* [TASK ITEM]:
Reproduce only what runs from the line containing "caregiver supporting senior" to the line containing "CGI of planned" in the records below, inclusive. Keep it exact, and keep the pictures out.
==== DATASET RECORDS
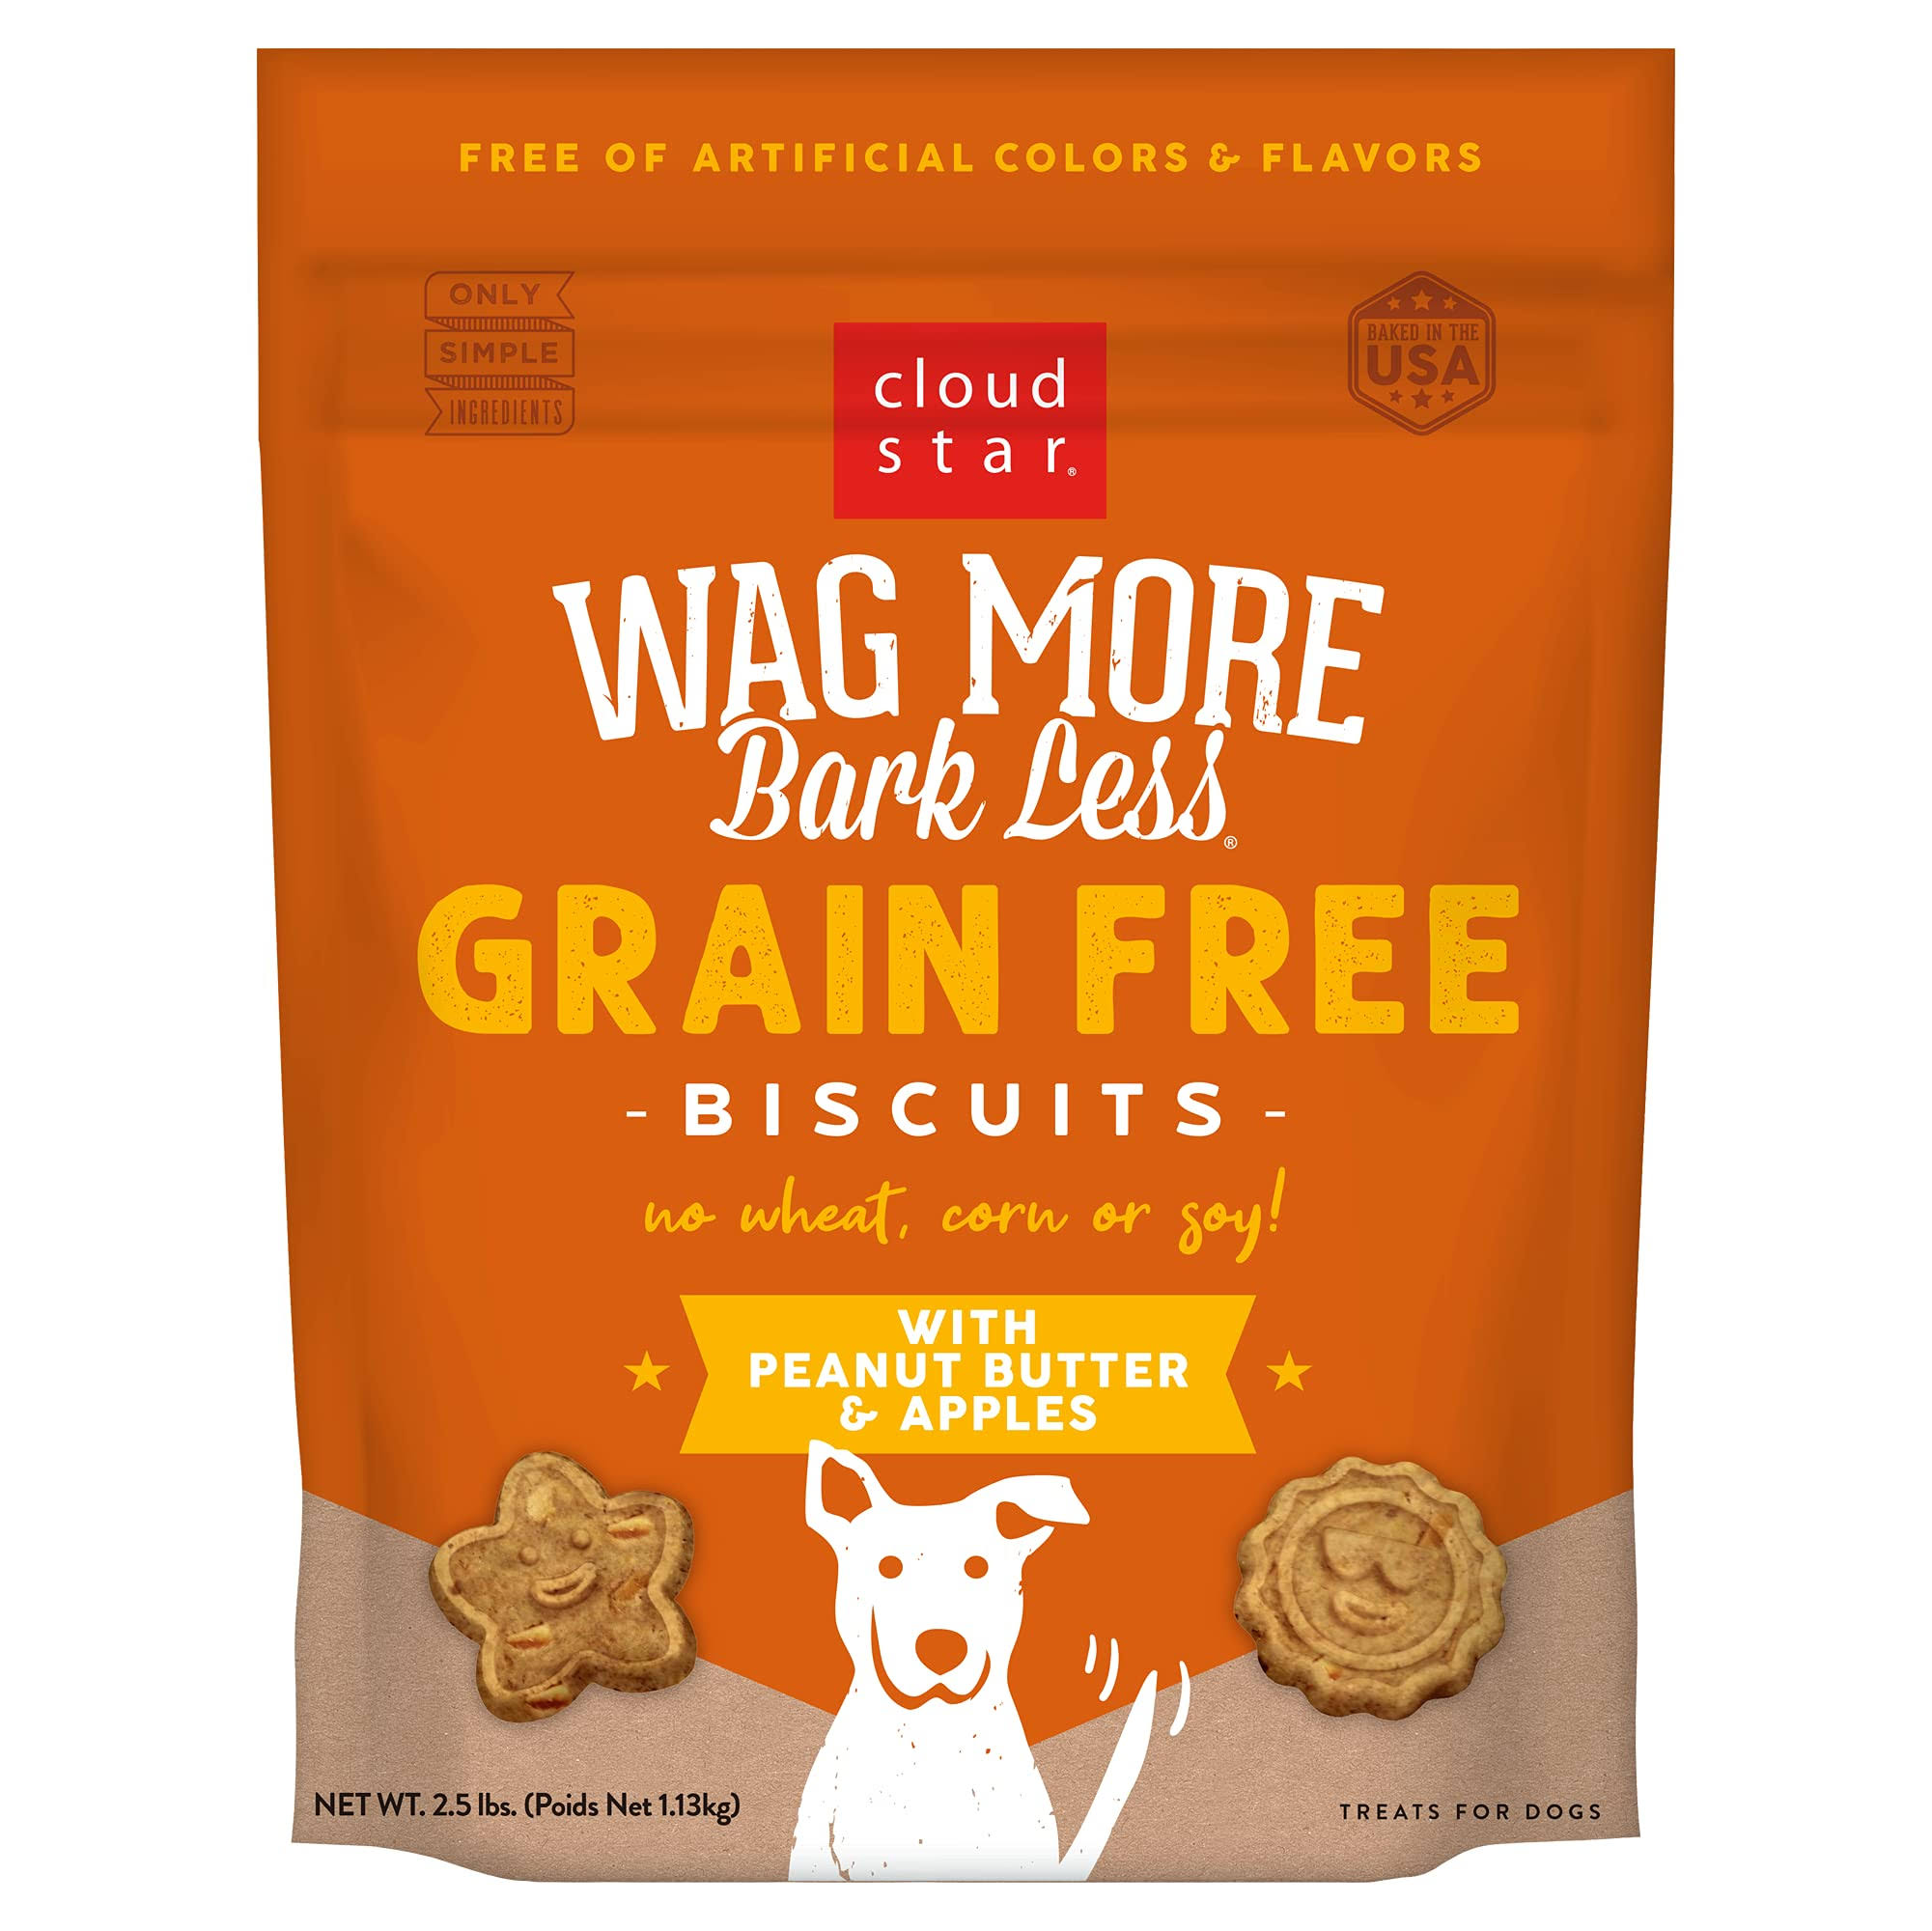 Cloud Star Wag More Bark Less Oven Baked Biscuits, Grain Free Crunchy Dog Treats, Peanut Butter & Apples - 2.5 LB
========
==== DATASET RECORDS
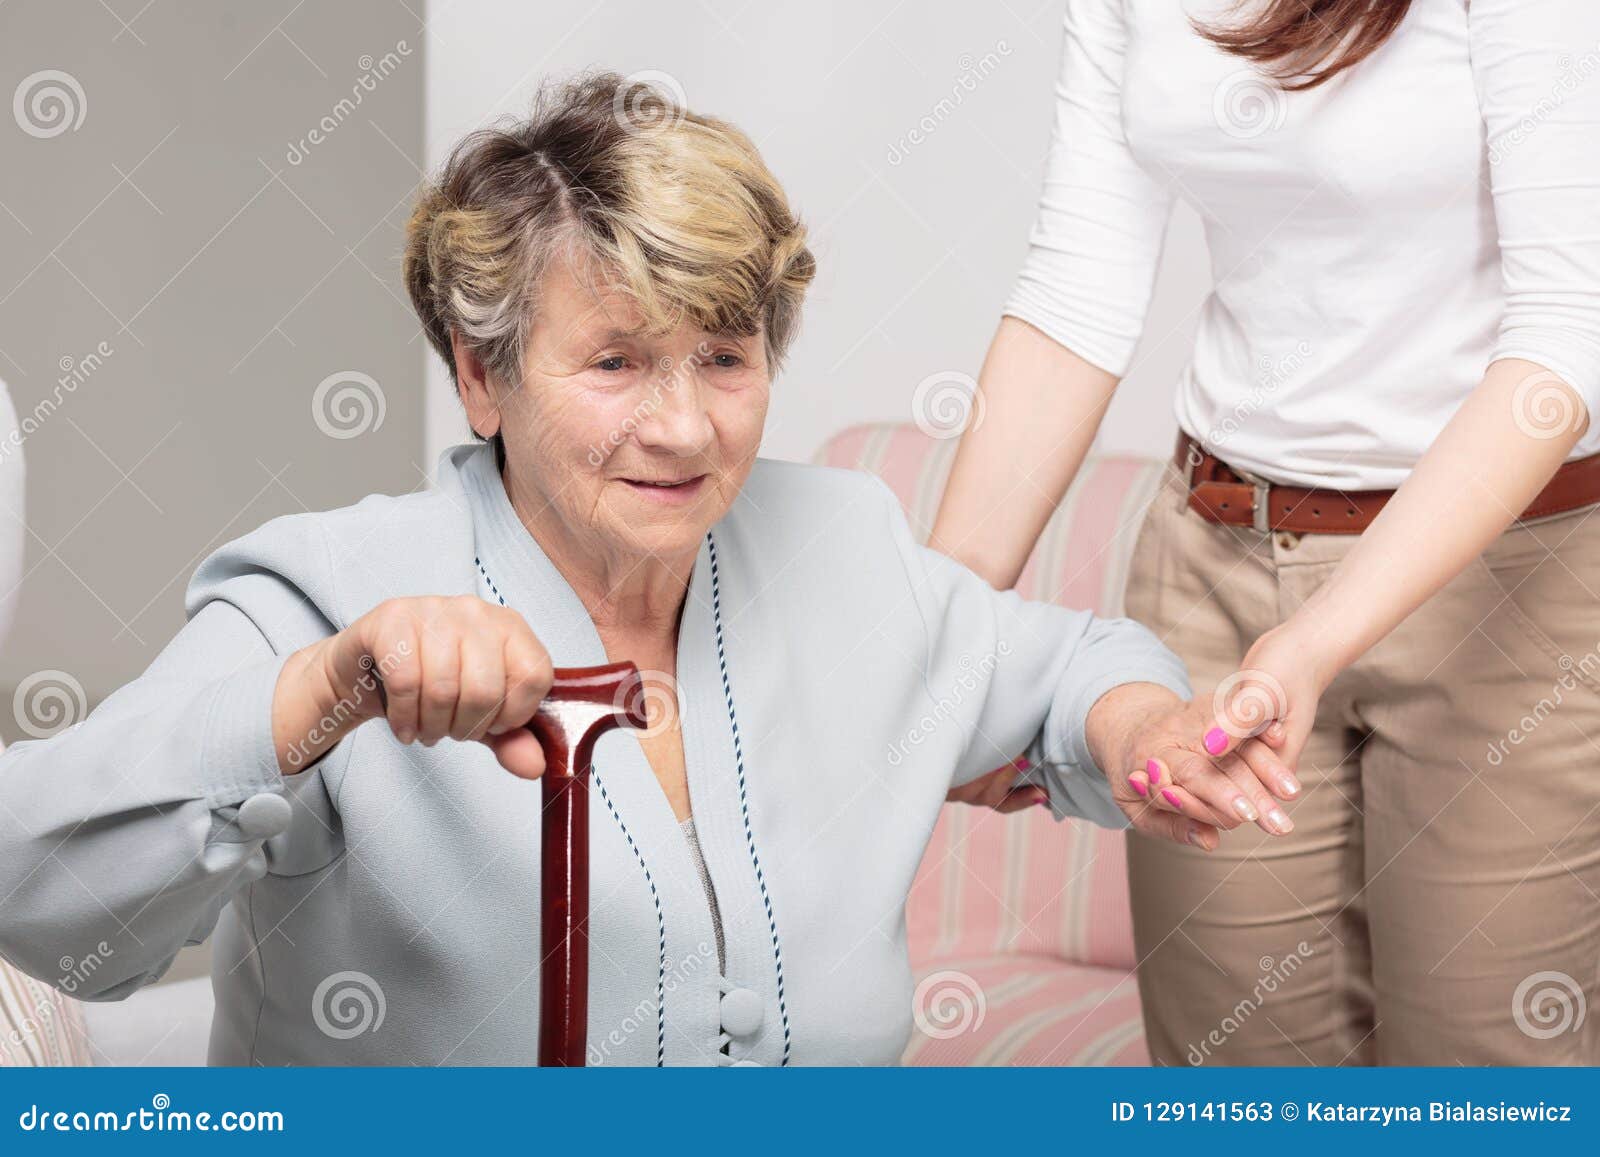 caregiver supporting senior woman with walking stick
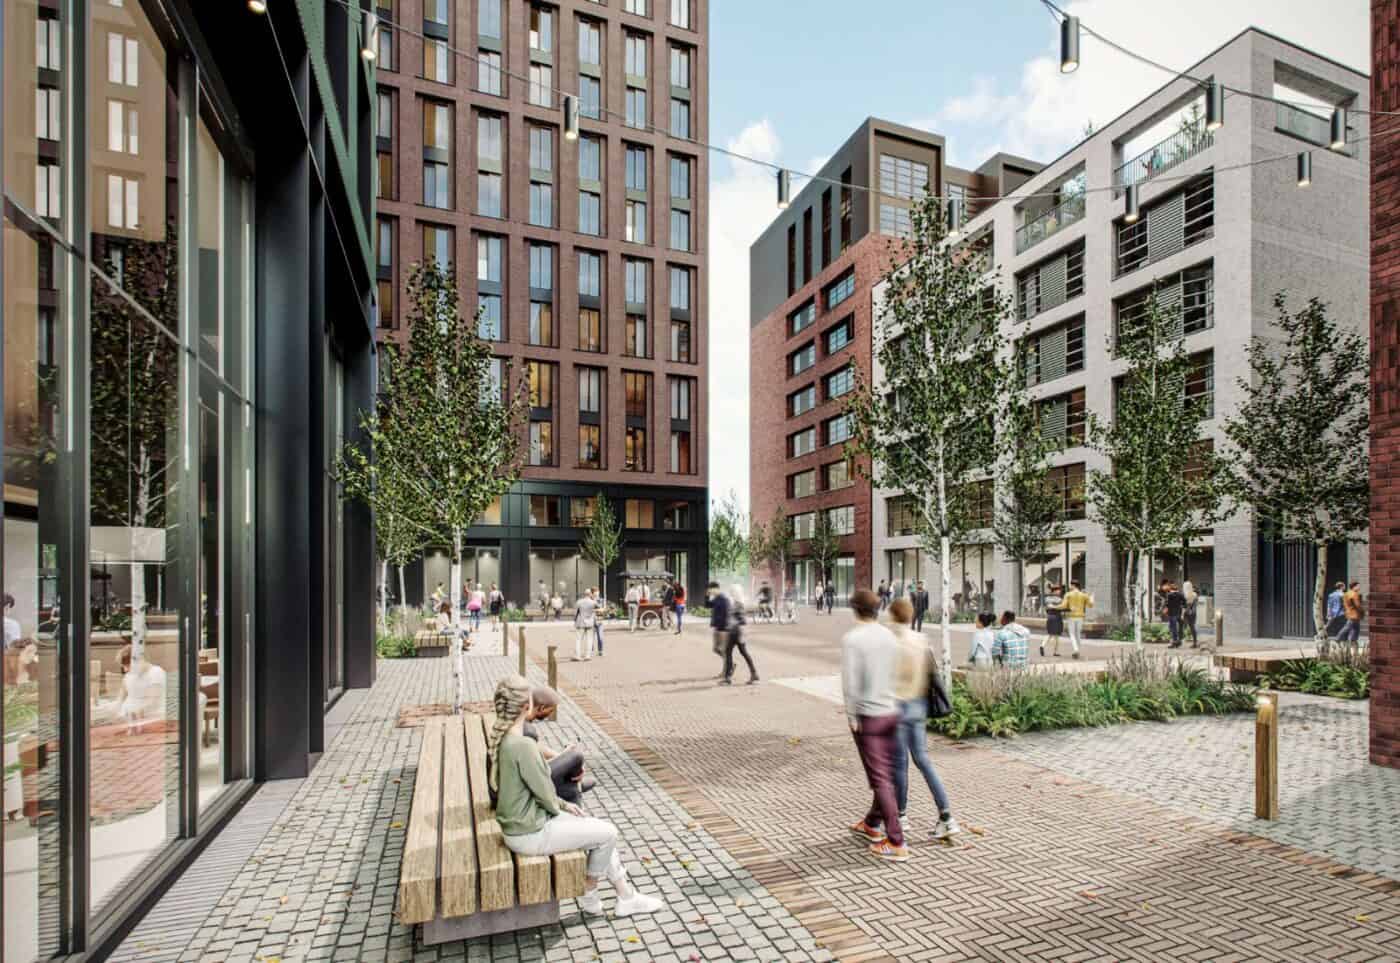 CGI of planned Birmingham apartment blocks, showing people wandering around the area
========
* [SOLUTION FOR THIS TASK]:
 caregiver supporting senior woman with walking stick
 CGI of planned Birmingham apartment blocks, showing people wandering around the area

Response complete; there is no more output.